Anyone who is old enough to remember the Kitty Genovese story from the first reports of the stabbing, rape and murder, realizes how much water has flowed over the dam since that night in 1964 when she was stalked by Winston Moseley while, it was reported, 38 people heard her cries for help, or saw something--but did nothing.
When I saw the teaser on the front page of this morning's NYT that William Moseley had passed away at 81, I thought there was a better than a good chance that when I turned to the obituary I would find it bylined by Robert D. McFadden. And of course when I turned, that's exactly what I found.
With a lede that rival's Clark Gable's classroom lede that he turns into the teacher, Doris Day, as he masquerades as a journalism student rather then the seasoned reporter he is in the movie 'Teacher's Pet,' Mr. McFadden summarizes what many of us have come to know about the case: Kitty Genovese was killed while there were those who did nothing to come to her aid or alert authorities.
But as time has rolled on, it has come to be known that there were those, a very few, who did try and help, and there weren't as many as claimed who did nothing.

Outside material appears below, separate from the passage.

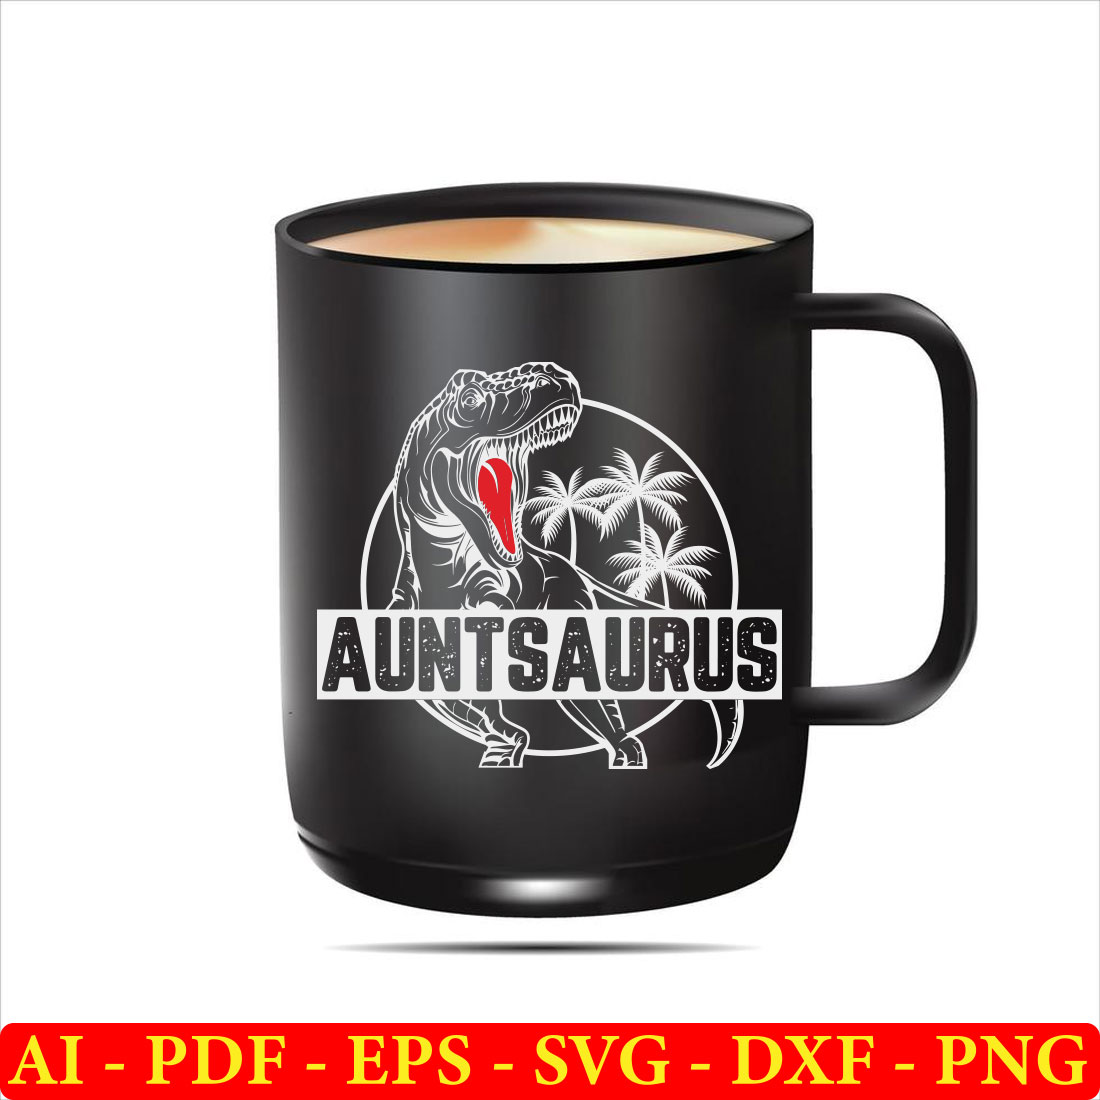 Black mug with an image of a dinosaur on it.
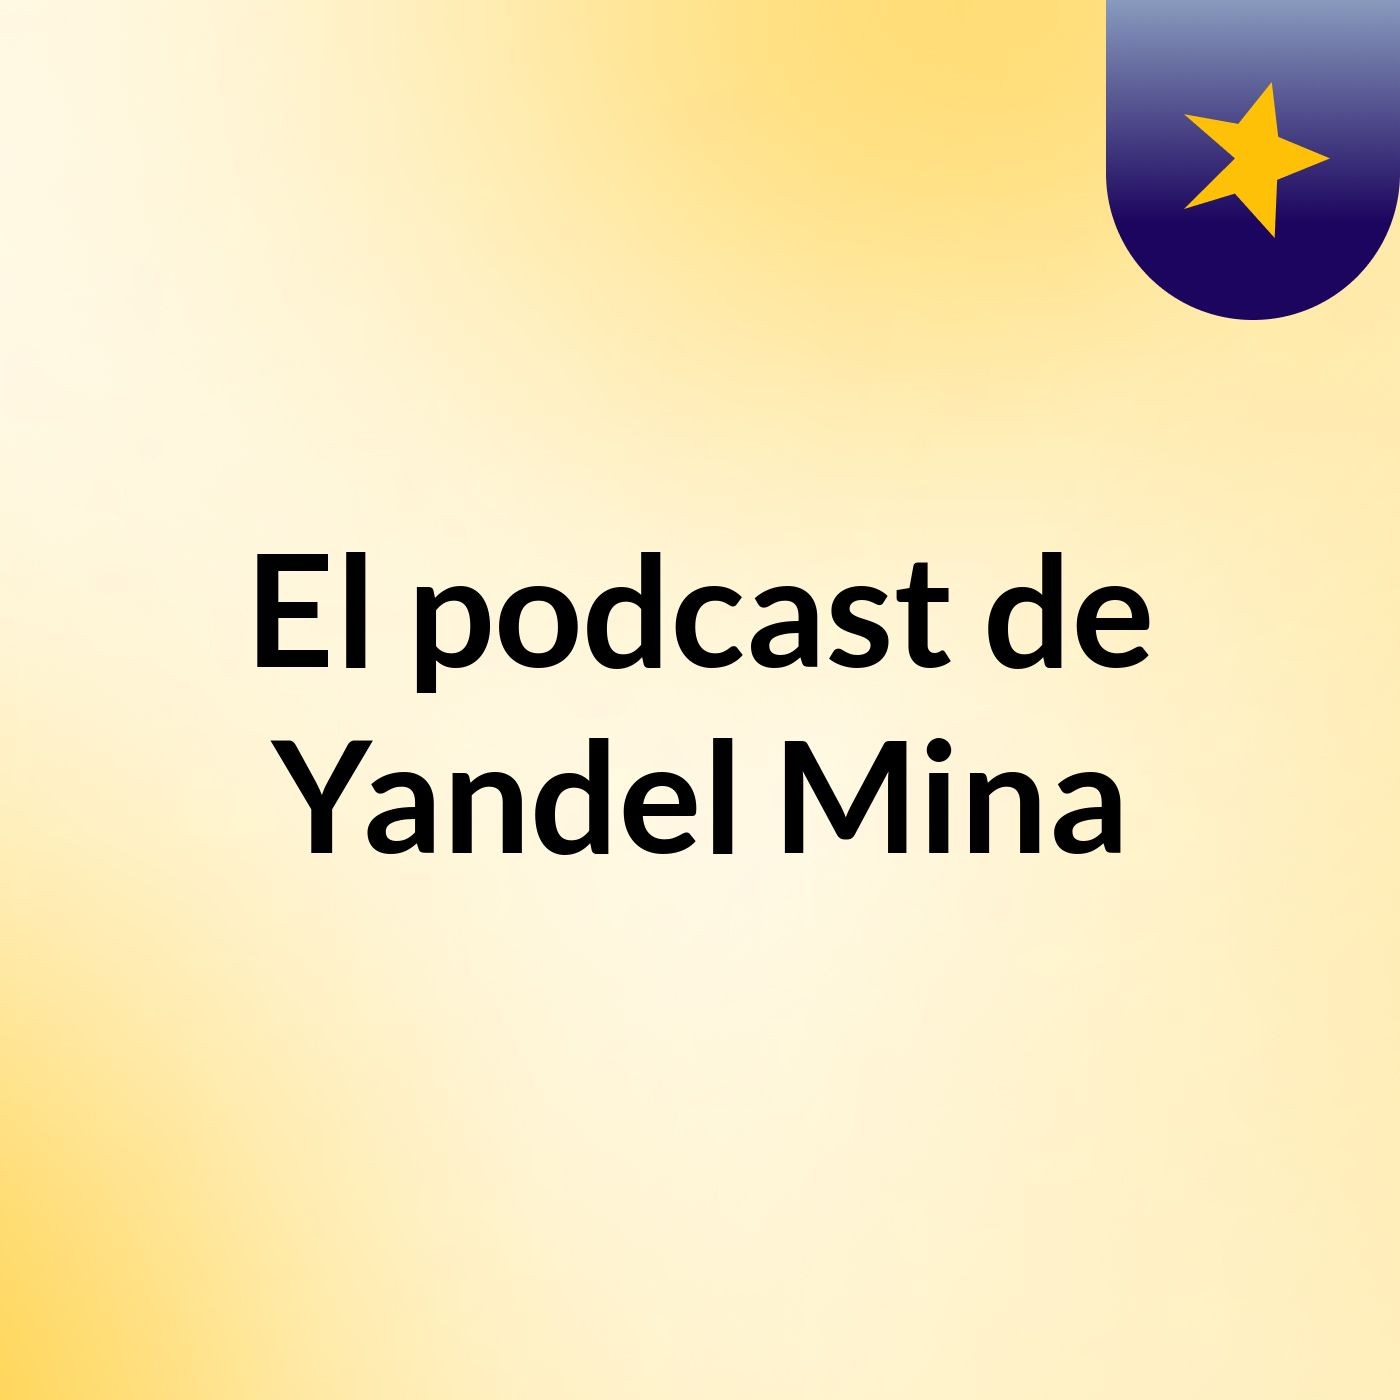 Episodio 2 - El podcast de Yandel Mina

All this is in Mr. McFadden's obituary of Mr. Moseley, along with a little implied protection of the reporters who in the NYT reported that 38 individuals saw or heard something but did nothing while the sustained attack on Kitty played on.
Mr. McFadden mentions a four paragraph piece that appeared in the Times that reported on the murder the day after. The murder took place in the early hours of March 13, 1964.
In a prior posting I mentioned how a NYPL librarian couldn't find this short piece doing an online search. With my full NYT subscription I get digital access to their archives, and this time I did find the piece, just as described, a four paragraph, unbylined report of the slaying that appeared on page 26 of a 52 page newspaper, published the day after.
Exactly two weeks after the slaying, Martin Gansberg in the NYT reported the slaying in more detail. The story appeared on the front page, below the fold, on March 27, 1964, complete with an aerial photo of the site where Kitty was killed. Obviously, more was known later, and some was invented.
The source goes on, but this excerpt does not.